[Instructions to follow] Among the entries that follow, count the lines that contain the word "surrounded" and say how many there are, writing nothing else.

[Data supplied]
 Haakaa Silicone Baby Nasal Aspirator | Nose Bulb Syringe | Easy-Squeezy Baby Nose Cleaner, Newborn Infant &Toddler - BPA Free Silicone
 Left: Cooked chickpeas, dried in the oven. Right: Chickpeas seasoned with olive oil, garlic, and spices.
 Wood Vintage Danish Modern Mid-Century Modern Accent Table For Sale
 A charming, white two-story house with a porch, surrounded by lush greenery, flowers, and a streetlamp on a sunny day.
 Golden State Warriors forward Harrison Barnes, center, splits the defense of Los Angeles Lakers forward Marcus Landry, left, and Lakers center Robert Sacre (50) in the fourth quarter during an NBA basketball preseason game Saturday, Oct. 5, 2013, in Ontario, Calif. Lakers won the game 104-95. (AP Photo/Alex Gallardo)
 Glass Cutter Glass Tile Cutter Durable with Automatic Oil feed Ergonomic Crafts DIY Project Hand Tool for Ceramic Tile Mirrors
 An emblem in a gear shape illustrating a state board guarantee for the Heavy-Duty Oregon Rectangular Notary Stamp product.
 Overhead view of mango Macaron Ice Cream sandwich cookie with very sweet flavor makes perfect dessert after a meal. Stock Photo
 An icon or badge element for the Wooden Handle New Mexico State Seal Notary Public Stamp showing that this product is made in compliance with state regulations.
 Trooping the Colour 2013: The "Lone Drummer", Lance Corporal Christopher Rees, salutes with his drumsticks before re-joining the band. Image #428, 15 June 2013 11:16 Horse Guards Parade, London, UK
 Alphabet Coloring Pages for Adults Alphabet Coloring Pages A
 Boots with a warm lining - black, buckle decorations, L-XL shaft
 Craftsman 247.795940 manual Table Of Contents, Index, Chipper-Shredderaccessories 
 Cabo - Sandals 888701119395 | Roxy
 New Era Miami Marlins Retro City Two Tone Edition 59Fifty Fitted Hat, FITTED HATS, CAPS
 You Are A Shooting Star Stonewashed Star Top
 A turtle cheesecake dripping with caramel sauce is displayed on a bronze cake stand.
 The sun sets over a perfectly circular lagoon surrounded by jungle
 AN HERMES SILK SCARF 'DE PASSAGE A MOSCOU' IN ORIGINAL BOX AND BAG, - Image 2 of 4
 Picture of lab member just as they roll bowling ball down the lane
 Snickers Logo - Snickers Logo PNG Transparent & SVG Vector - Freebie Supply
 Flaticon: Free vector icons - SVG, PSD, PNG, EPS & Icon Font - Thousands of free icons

[Task answer] 2